On Thu, May 14, 2020 at 5:15 PM David Feuer <david.feuer at gmail.com> wrote:

> That doesn't look like it works on infinite lists.
>
> On Thu, May 14, 2020, 8:09 PM Ryan Reich <ryan.reich at gmail.com> wrote:
>
>> Hopefully I'm not fooling myself...how about this?
>>
>> ---
>> transpose :: [[a]] -> [[a]]
>> transpose [] = []
>> transpose (r1 : rrest) = zipWith' (:) (:[]) id r1 (transpose rrest)
>>
>> zipWith' :: (a -> b -> c) -> (a -> c) -> (b -> c) -> ([a] -> [b] -> [c])
>> zipWith' _ _ fb [] bs = fb <$> bs
>> zipWith' _ fa _ as [] = fa <$> as
>> zipWith' f fa fb (a : as) (b : bs) = f a b : zipWith' f fa fb as bs
>>
>> main = do
>>   mapM_ (print . transpose)
>>     [
>>       [[1,2,3]],
>>       [[1,2,3],[4,5,6]],
>>       [[1,2,3],[4,5,6],[7,8,9]],
>>       [[10,11],[20],[],[30,31,32]]
>>     ]
>> ---
>>
>> I see the output:
>> ---
>> [[1],[2],[3]]
>> [[1,4],[2,5],[3,6]]
>> [[1,4,7],[2,5,8],[3,6,9]]
>> [[10,20,30],[11,31],[32]]
>> ---
>>
>> which is correct (the last example is the one from the haddocks).
>>
>> I was concerned that the definition of zipWith' (which is akin to the Map
>> function unionWith) is not compatible with the build/fold fusion rule, but
>> the implementation of zipWith itself is basically the same.
>>
>> Ryan
>>
>> On Thu, May 14, 2020 at 1:17 PM David Feuer <david.feuer at gmail.com>
>> wrote:
>>
>>> Right. I still think it might be the right thing to do, though. I'm not
>>> a big fan of general-purpose library functions that have any unnecessary
>>> memory leak hazard. The biggest counterargument is that real code is
>>> unlikely to run into that problem.
>>>
>>> On Thu, May 14, 2020, 3:35 PM Ryan Reich <ryan.reich at gmail.com> wrote:
>>>
>>>> My suggestion was much less sophisticated even than that, and is
>>>> basically what David answered with fusion.

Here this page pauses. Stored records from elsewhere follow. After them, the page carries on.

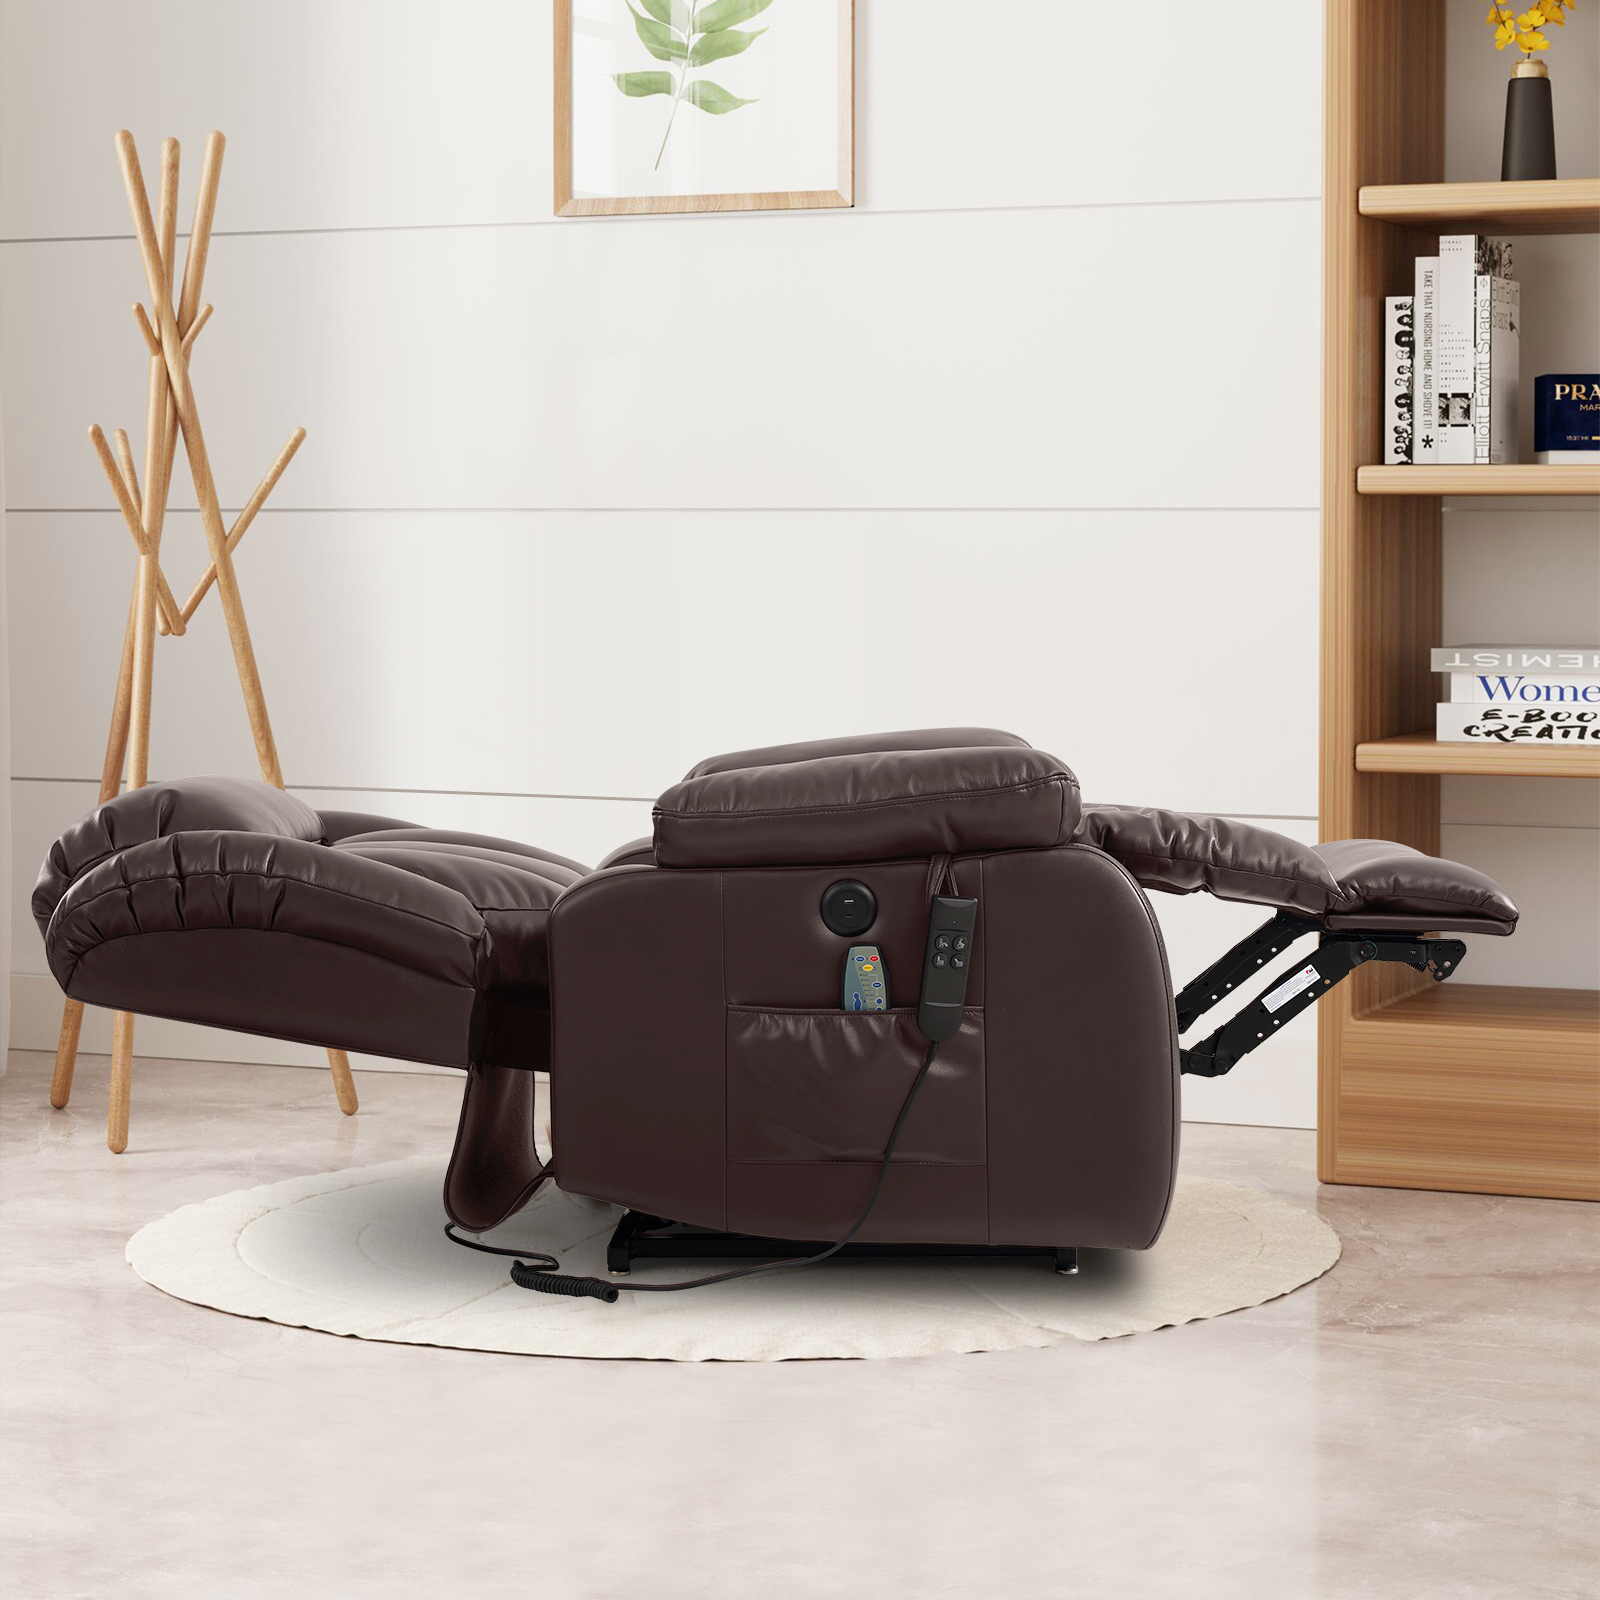 TEKAMON Infinite Position Lift Recliner Chair for Elderly with Heat and Massage Lay Flat Sleeping Leather Dual Motor Power Lift Chair for Living Room (Brown) - image 1 of 12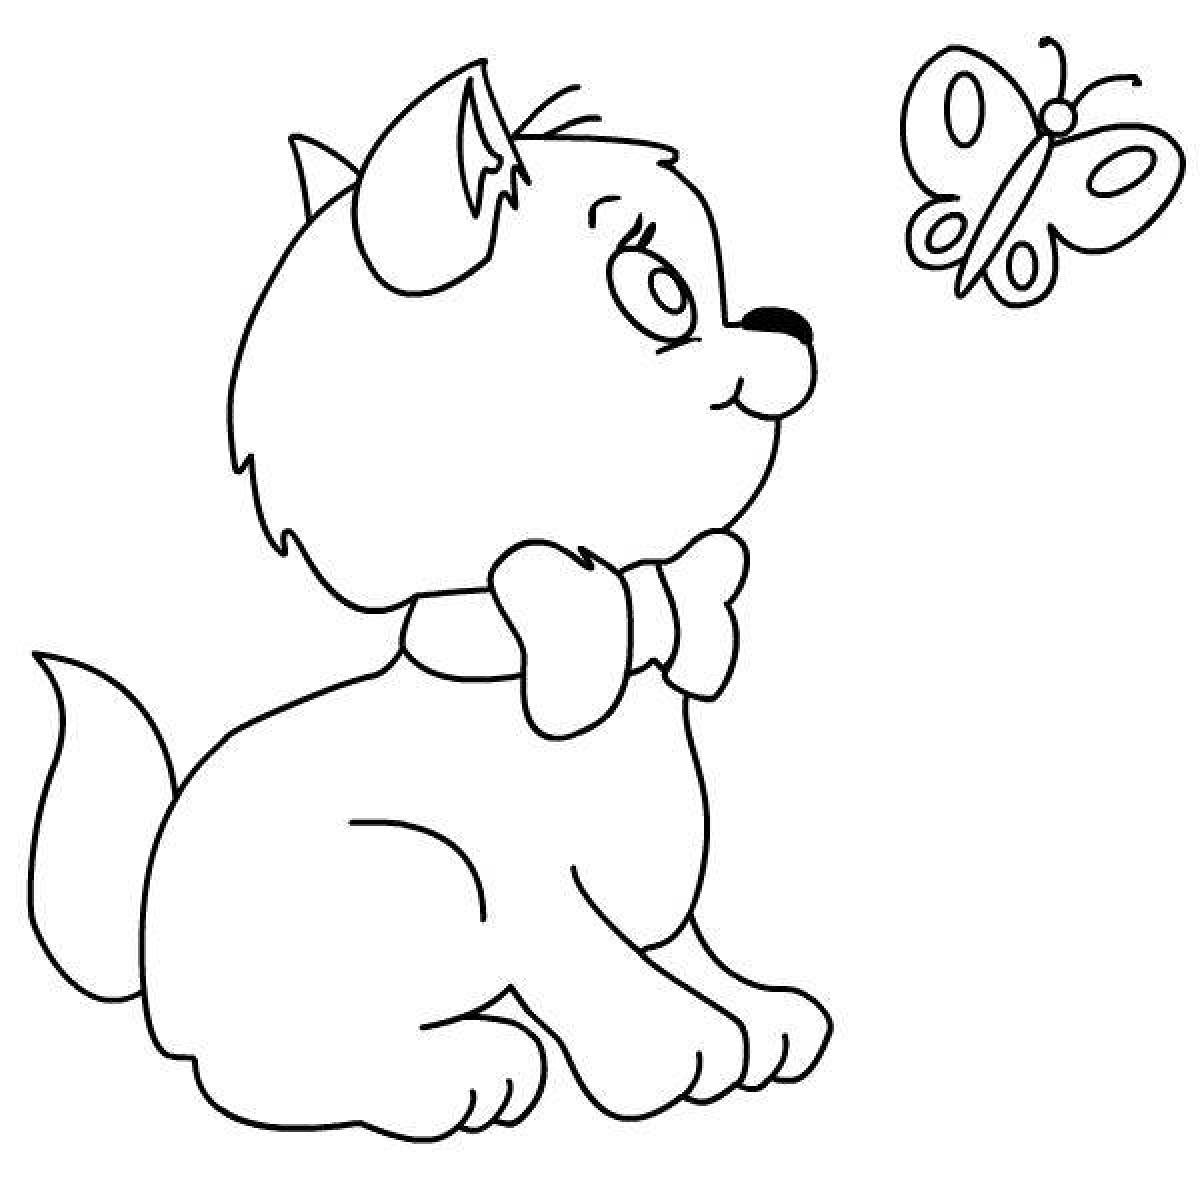 Cute coloring pages with dogs and cats for kids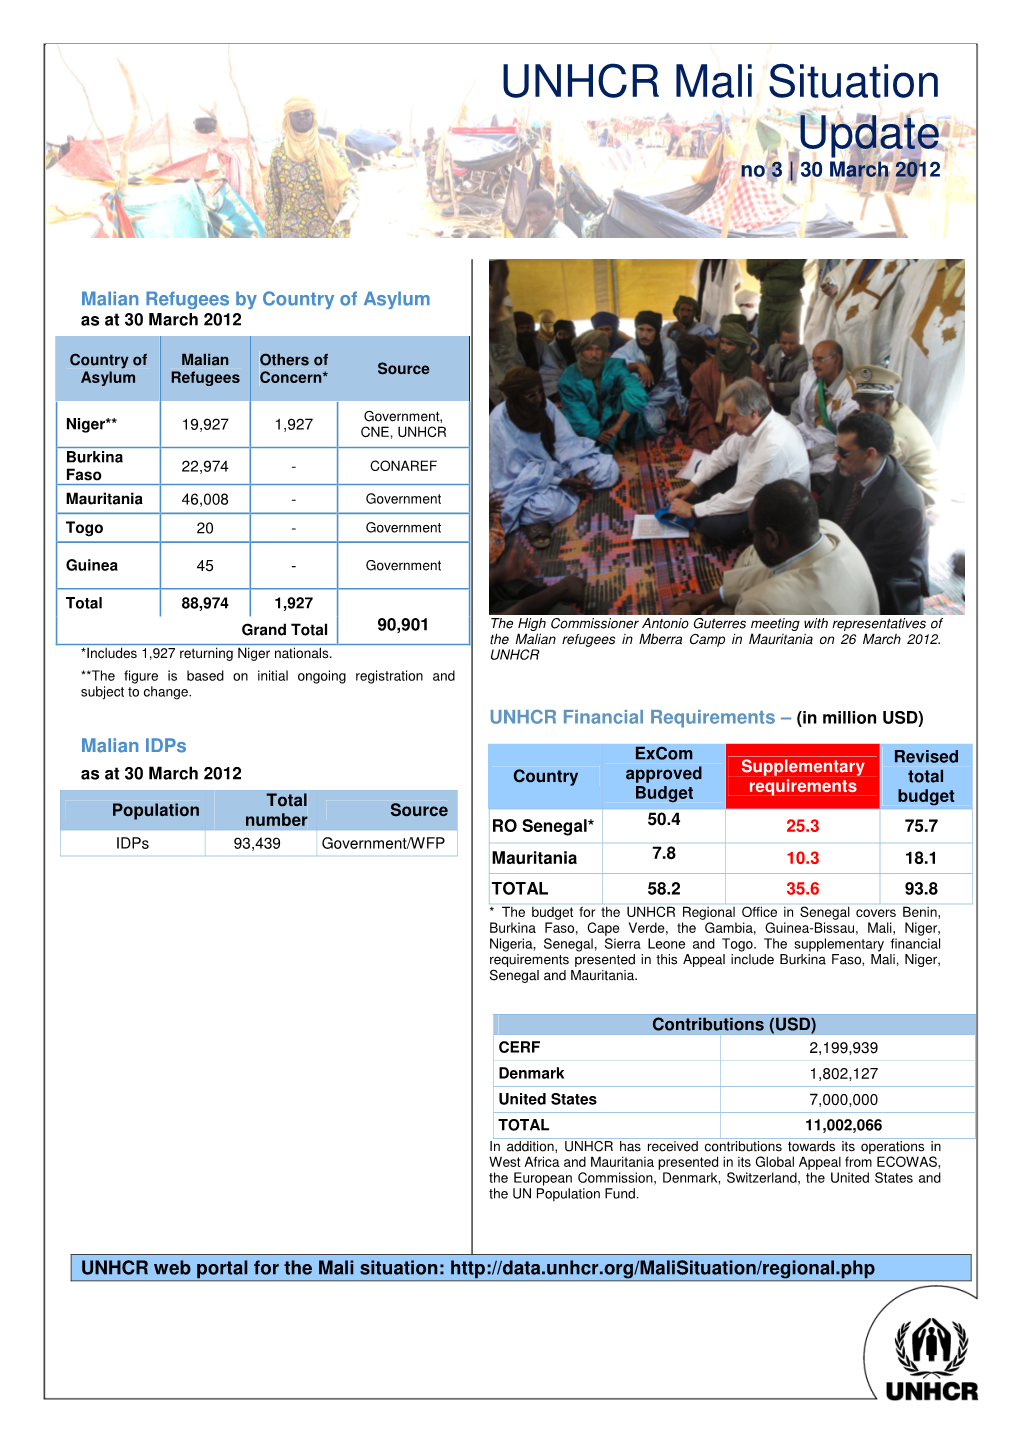 UNHCR Mali Situation Update No 3 | 30 March 2012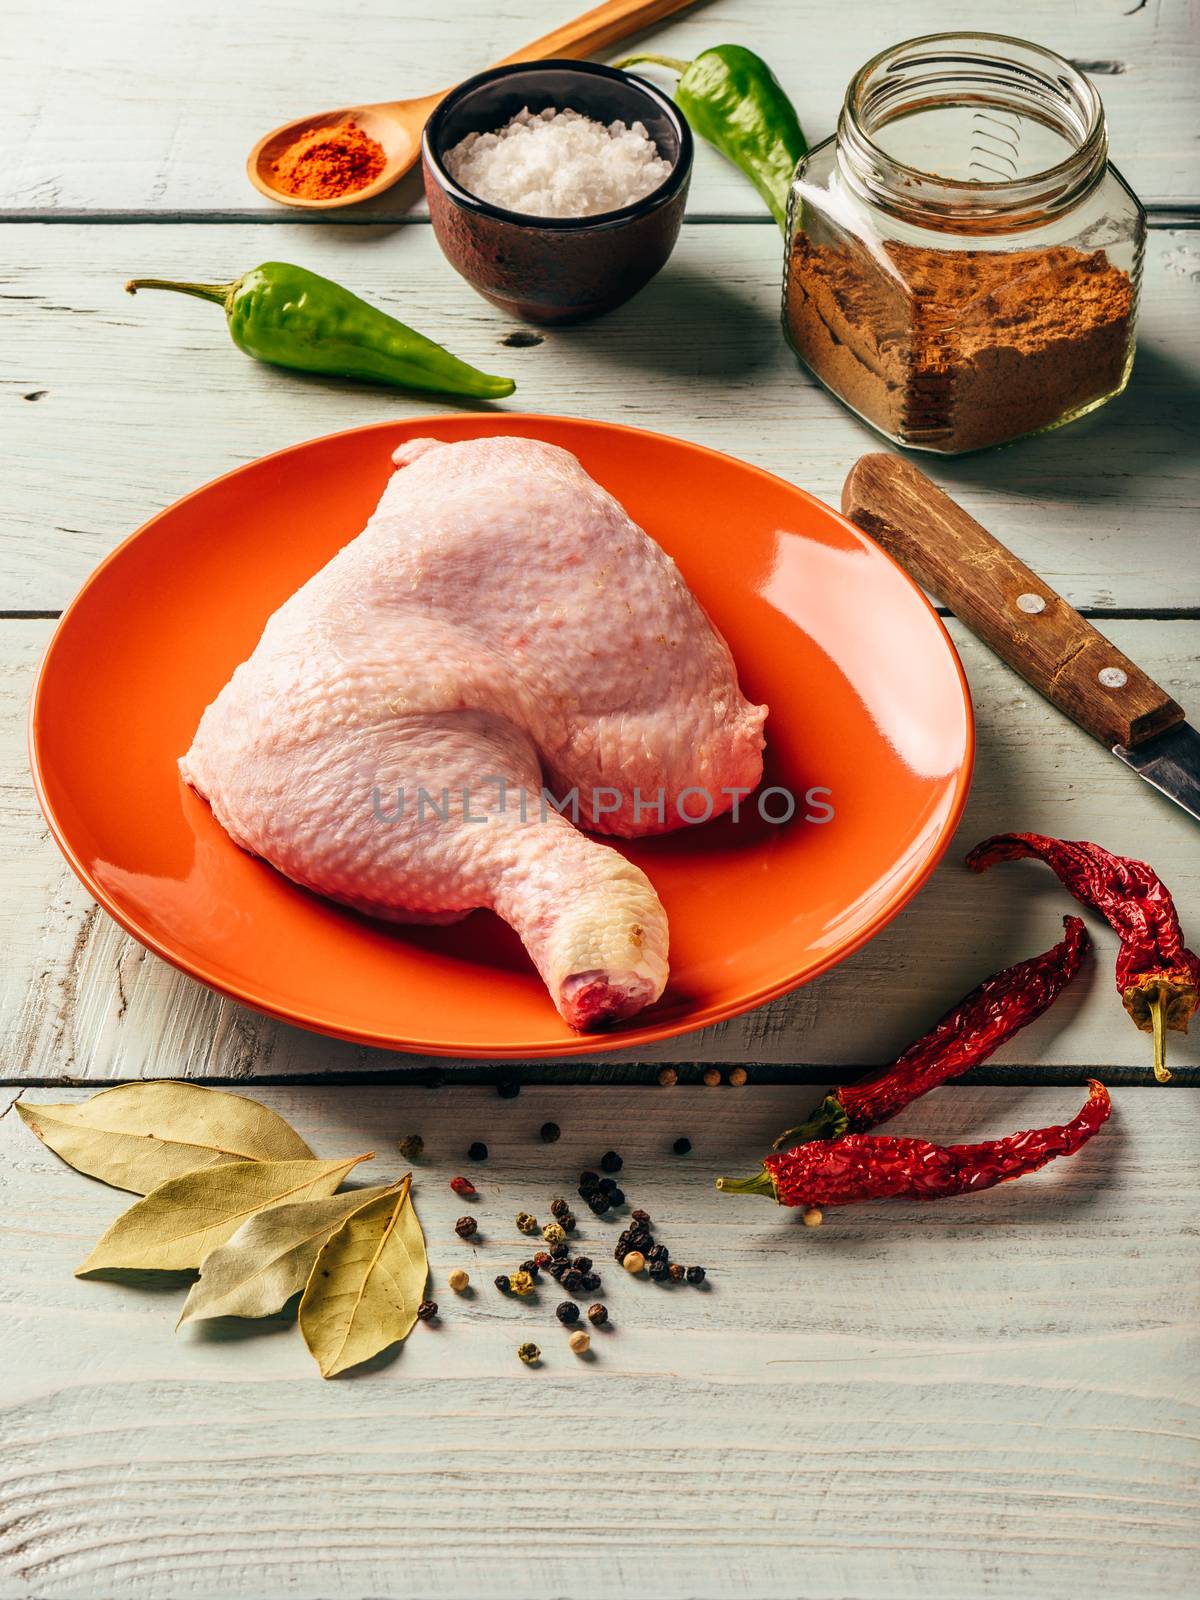 Chicken leg quarter on orange plate over wooden surface with different spices

Also according to his answer,
>>>> the original code of transpose lacks the laziness that unzip's actual
>>>> implementation would provide.
>>>>
>>>> I think what that means is that his concern over allocating extra pairs
>>>> is about the ones created internally by unzip when it builds the lazy
>>>> heads-and-tails accessors.
>>>>
>>>> On Thu, May 14, 2020, 03:27 Andreas Abel <andreas.abel at ifi.lmu.de>
>>>> wrote:
>>>>
>>>>> On 2020-05-13 22:27, Ryan Reich wrote:
>>>>> > Why not just inline the definition of unzip and hand-optimize away
>>>>> the
>>>>> > pairs?
>>>>>
>>>>> Isn't this what the original code of transpose is doing?
>>>>>
>>>>> > On Tue, May 12, 2020, 10:24 David Feuer <david.feuer at gmail.com
>>>>> > <mailto:david.feuer at gmail.com>> wrote:
>>>>> >
>>>>> >     Also, the more eager list allocation can increase residency, but
>>>>> I
>>>>> >     don't think it can cause a leak.
>>>>> >
>>>>> >     On Tue, May 12, 2020, 9:48 AM David Feuer <david.feuer at gmail.com
>>>>> >     <mailto:david.feuer at gmail.com>> wrote:
>>>>> >
>>>>> >         The cost of allocating the extra pairs.
>>>>> >
>>>>> >         On Tue, May 12, 2020, 5:11 AM Andreas Abel
>>>>> >         <andreas.abel at ifi.lmu.de <mailto:andreas.abel at ifi.lmu.de>>
>>>>> wrote:
>>>>> >
>>>>> >               > I don't know how much that'll cost in practice.
>>>>> >
>>>>> >             What costs are you worried about?
>>>>> >
>>>>> >             On 2020-05-12 00:08, David Feuer wrote:
>>>>> >              > In Data.List, we define
>>>>> >              >
>>>>> >              > transpose :: [[a]] -> [[a]]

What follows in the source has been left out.